▶ _PROVIDED DATA_:

-----

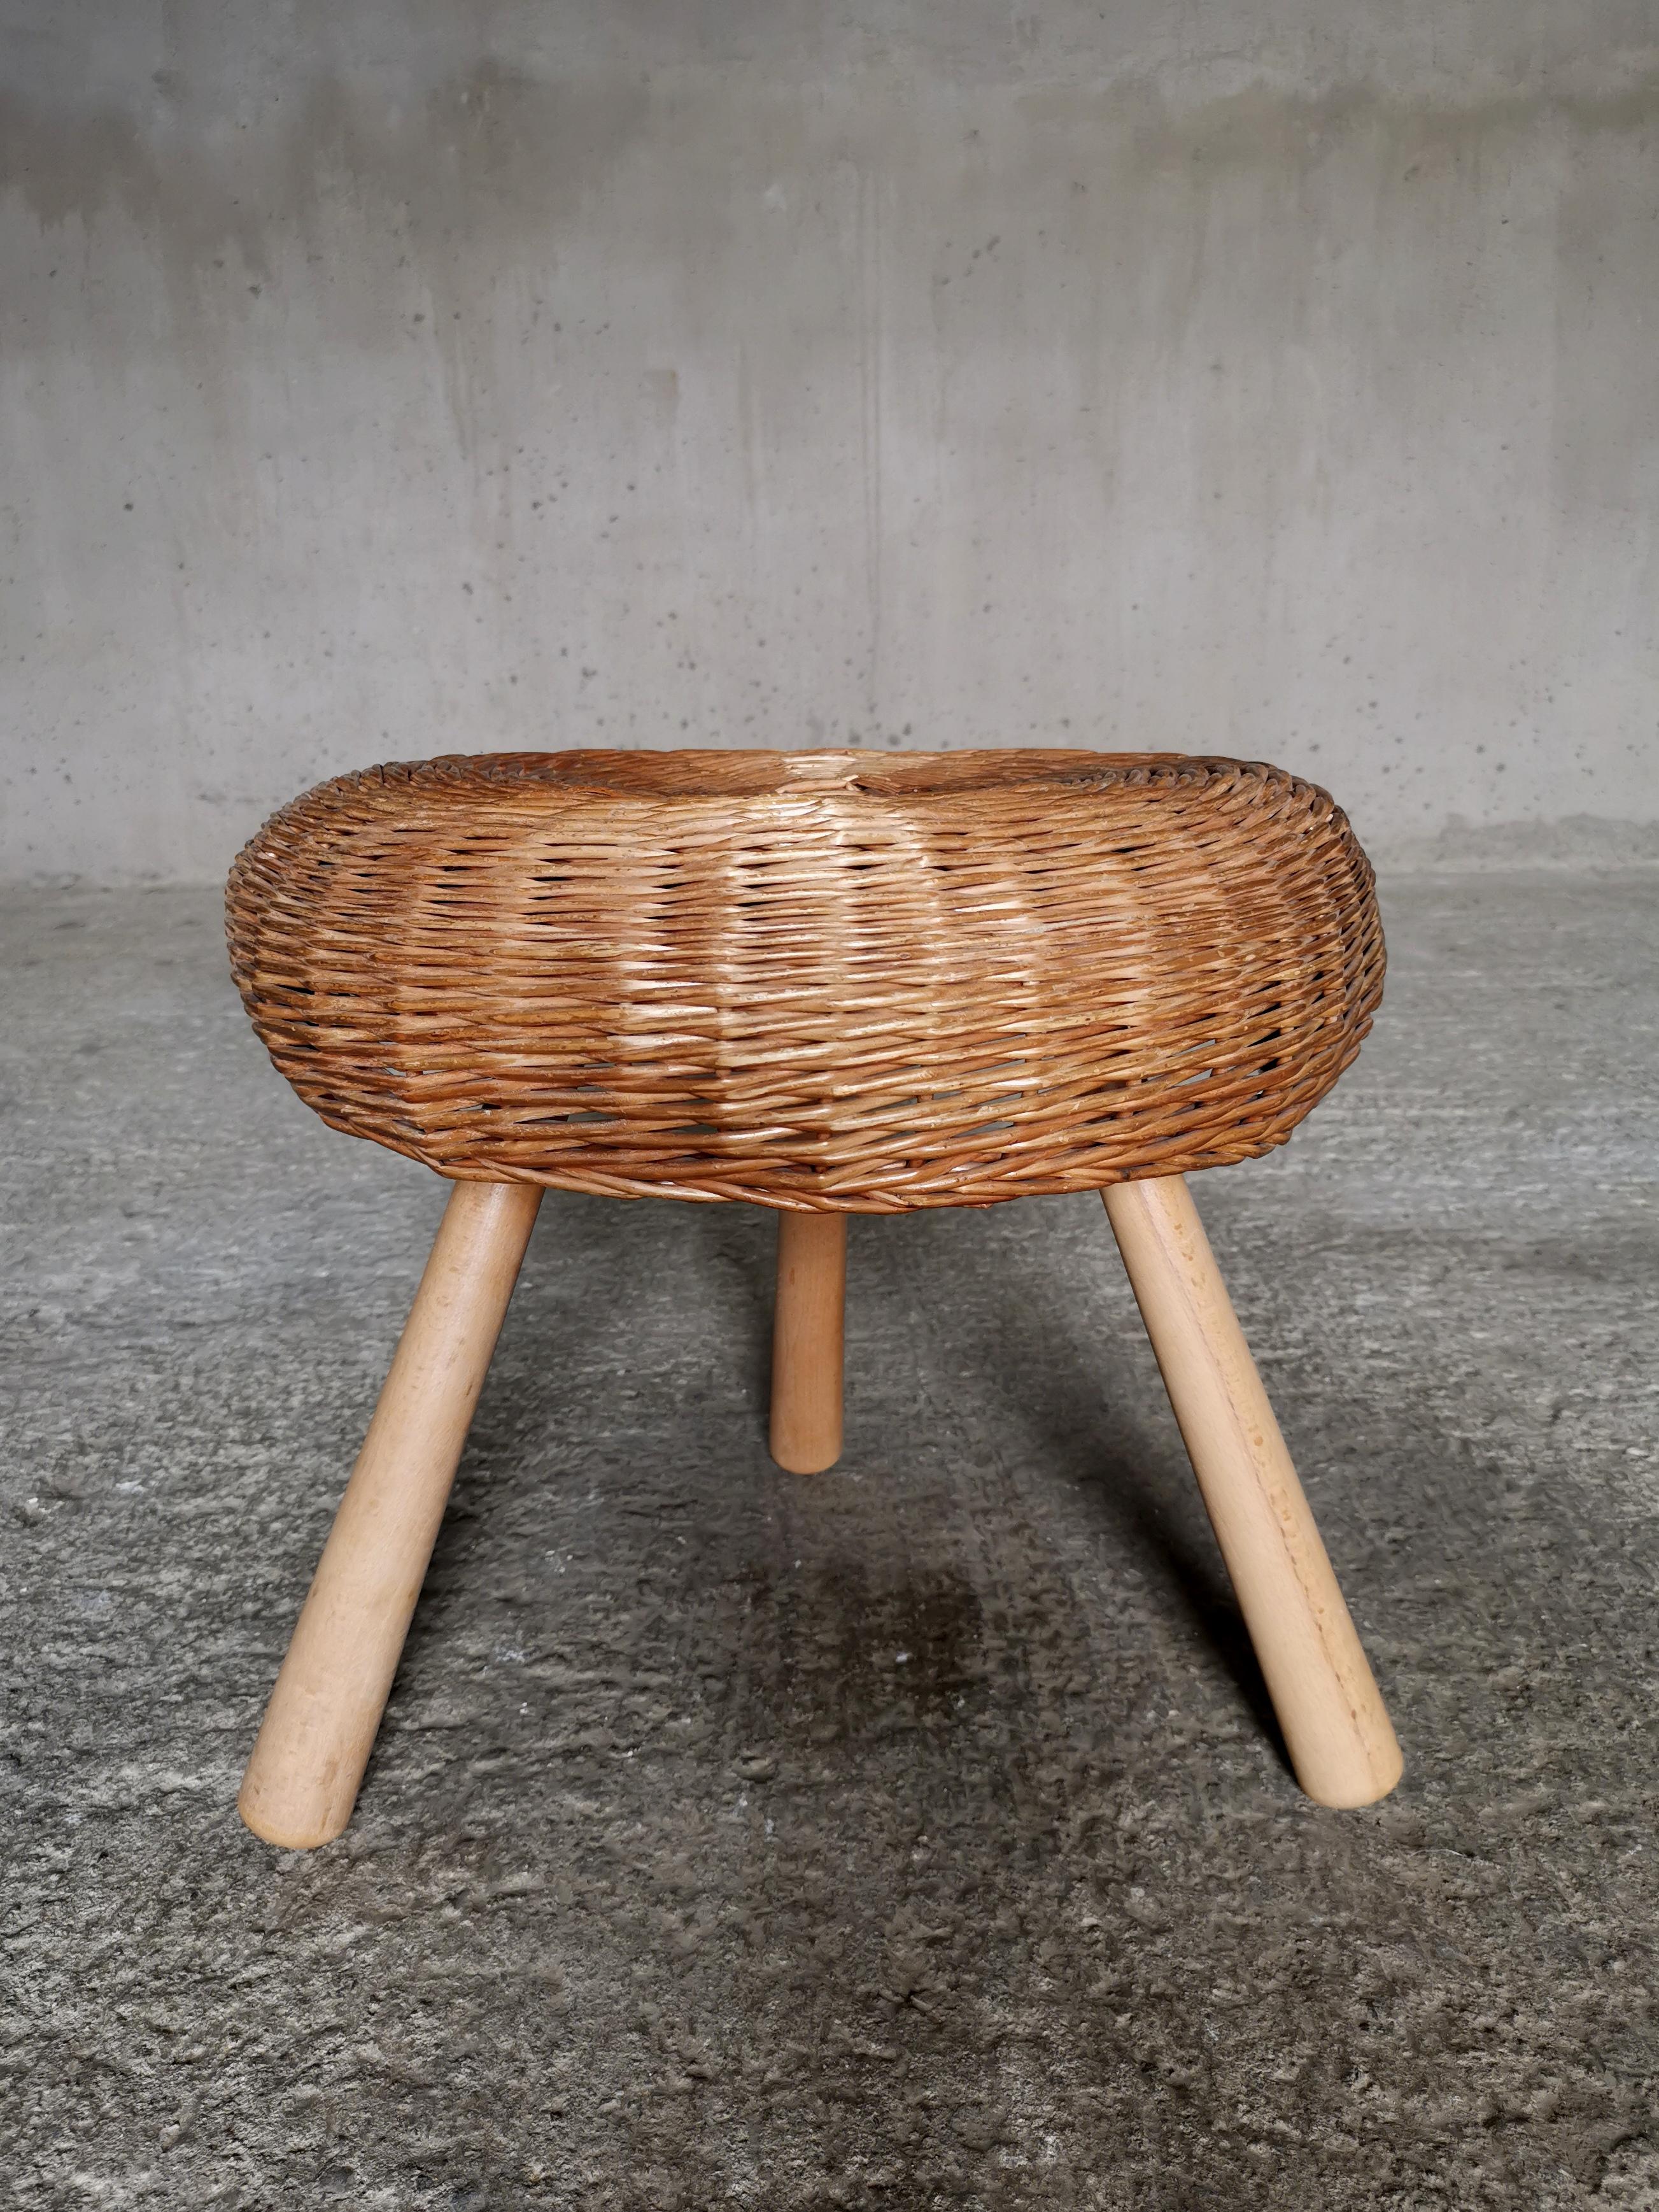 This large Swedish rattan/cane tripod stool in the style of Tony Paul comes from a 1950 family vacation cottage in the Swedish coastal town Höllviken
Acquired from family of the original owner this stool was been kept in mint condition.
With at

-----

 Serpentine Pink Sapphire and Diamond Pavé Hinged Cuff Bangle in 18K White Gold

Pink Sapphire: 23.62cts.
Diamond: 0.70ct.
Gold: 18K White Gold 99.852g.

-----

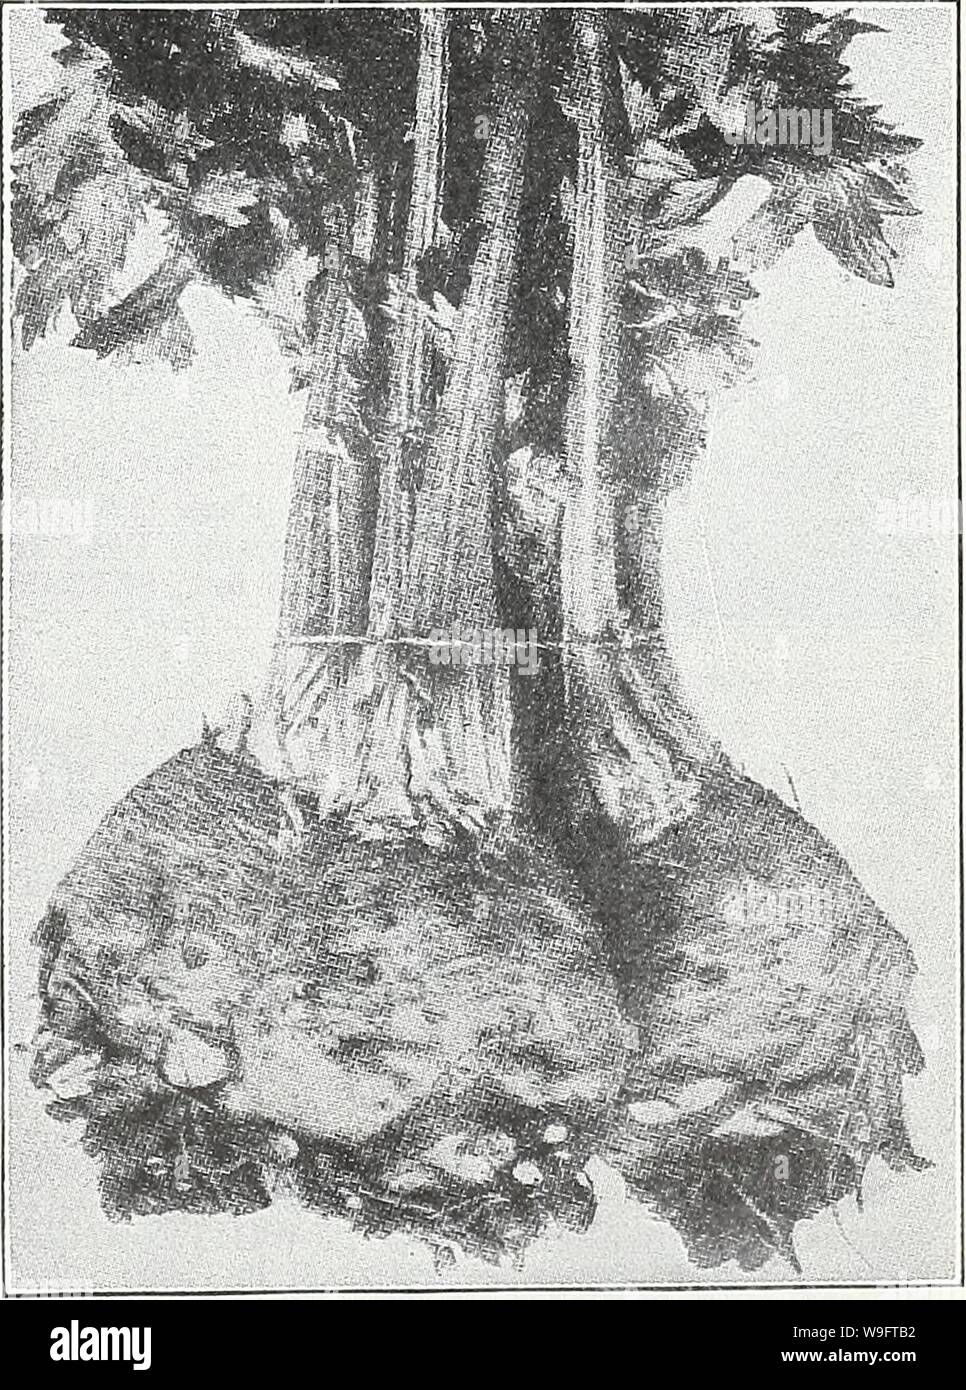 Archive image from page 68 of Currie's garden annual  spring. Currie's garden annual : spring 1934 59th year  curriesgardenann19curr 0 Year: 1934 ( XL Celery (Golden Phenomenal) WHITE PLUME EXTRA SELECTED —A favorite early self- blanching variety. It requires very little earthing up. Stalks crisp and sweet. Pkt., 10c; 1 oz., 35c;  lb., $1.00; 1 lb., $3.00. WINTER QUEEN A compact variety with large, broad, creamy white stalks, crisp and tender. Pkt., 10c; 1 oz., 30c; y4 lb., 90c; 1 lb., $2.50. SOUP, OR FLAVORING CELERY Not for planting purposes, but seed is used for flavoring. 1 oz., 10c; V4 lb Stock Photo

-----

▶ _TASK BRIEF_:
Take the lines above from the one containing "Pink Sapphire: 23.62cts." down to the one containing "Gold: 18K White Gold 99.852g.", and transcribe them exactly, both ends included.

▶ _RESPONSE TO THIS EXERCISE_:
Pink Sapphire: 23.62cts.
Diamond: 0.70ct.
Gold: 18K White Gold 99.852g.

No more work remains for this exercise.